For 4 Serving(s)
- 2 avocados
- 1 lime
- 2 eggs
- 2 T water
- 1/2 c all-purpose flour
- 1 t salt
- 1 t chili powder
- pn cayenne
- 1 1/4 c panko breadcrumbs
- 1/2 t black pepper
- avocado oil
- 3 c grated extra-sharp Cheddar
- 1 1/2 c grated Monterey Jack cheese
- 1 T cornstarch
- 1/4 c milk
- 4 oz diced green chiles
Avocado Fries with Queso Dip Directions
- Place the avocado wedges on a plate and sprinkle with lime juice. Set aside.
- In a small bowl, whisk together the eggs and water. Set aside.
- In another small bowl, stir together the flour, 1/2 teaspoon of the salt, chili powder, and cayenne.
- In a medium bowl, combine the breadcrumbs, remaining 1/2 teaspoon of salt, and black pepper.

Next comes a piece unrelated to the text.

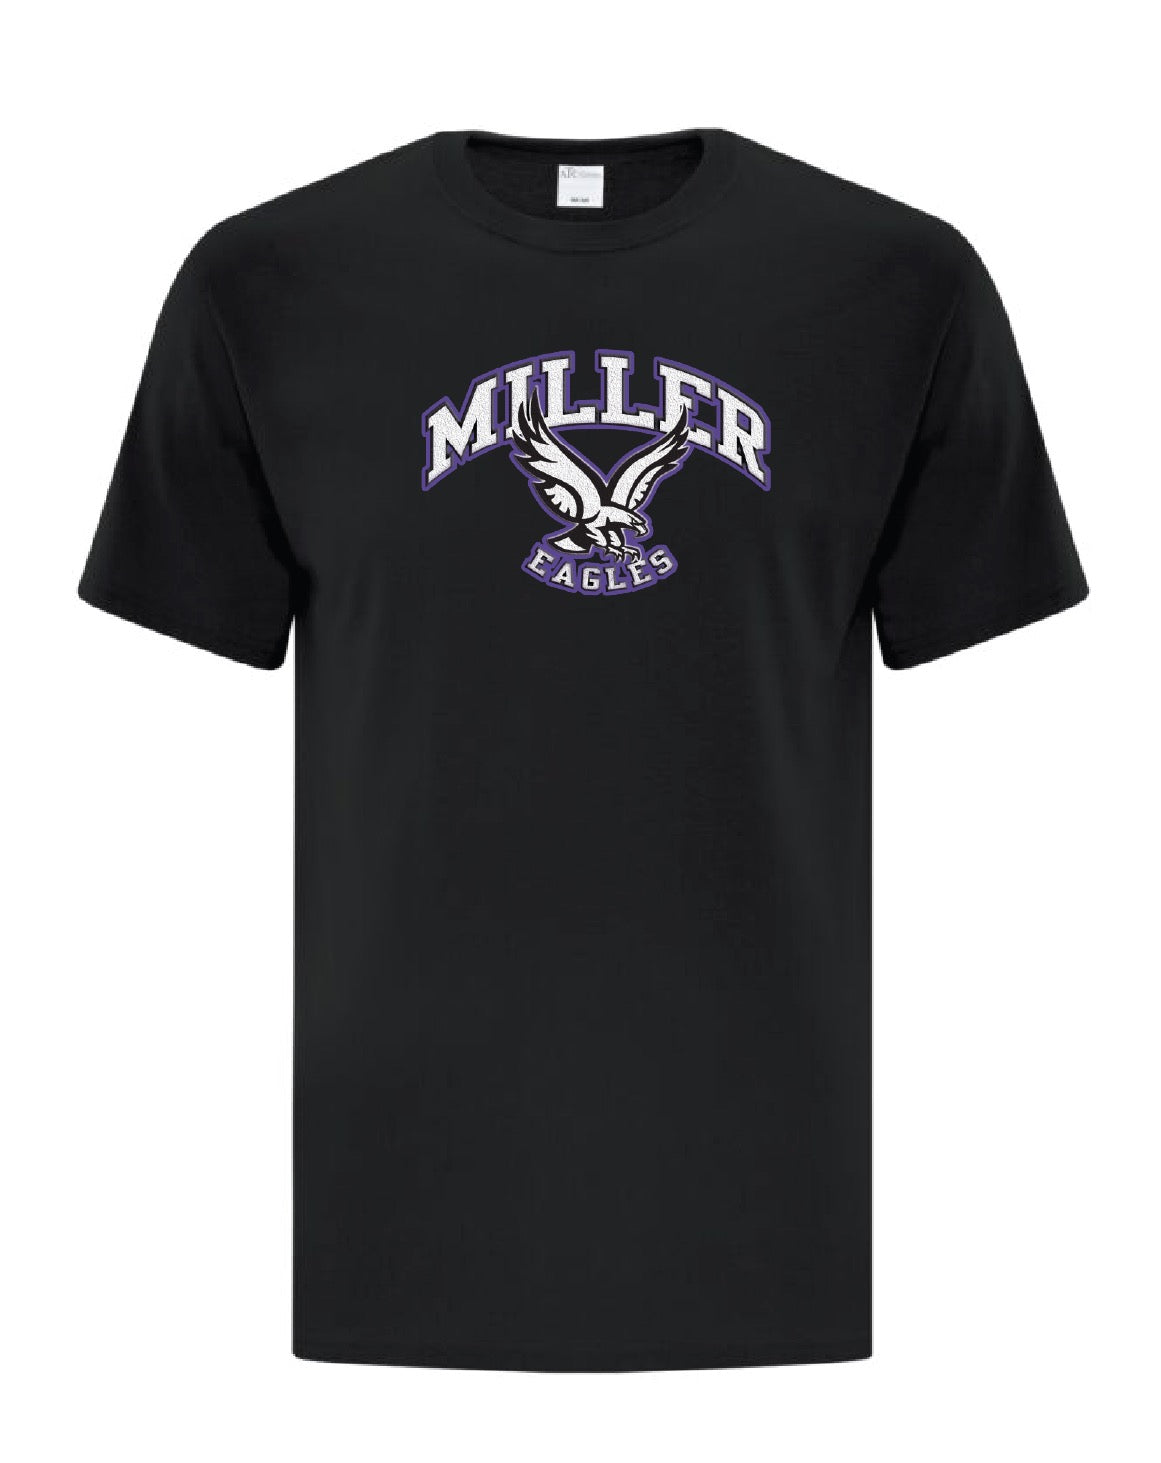 Adult "Miller Spirit Wear" T-shirt
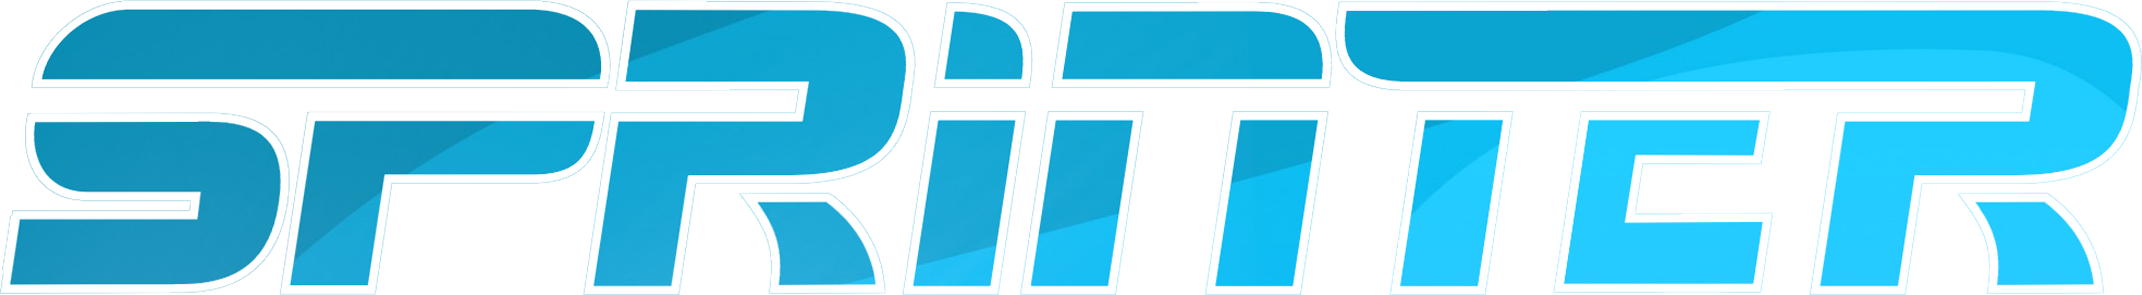 Логотип Sprinter

- Line a baking sheet with parchment paper. Make an assembly line, and dip the avocado slices first in the flour mixture, then the egg mixture, then the breadcrumb mixture.
- In a medium, heavy saucepan outfitted with a fry thermometer, heat an inch of oil to 375F. Use tongs to place avocado in the oil, about 6-8 wedges at a time. Fry until golden brown, then transfer to the prepared baking sheet and sprinkle with salt and more cayenne. Continue frying the remaining avocado wedges, letting the oil come back up to temperature between batches.
- Combine the cheeses with the cornstarch in a medium saucepan. Heat over a low flame and stir in the milk. Cook, stirring, for 10-15 minutes, until melted and smooth. Stir in the chiles and juices.
- Serve the avocado fries hot, with warm queso.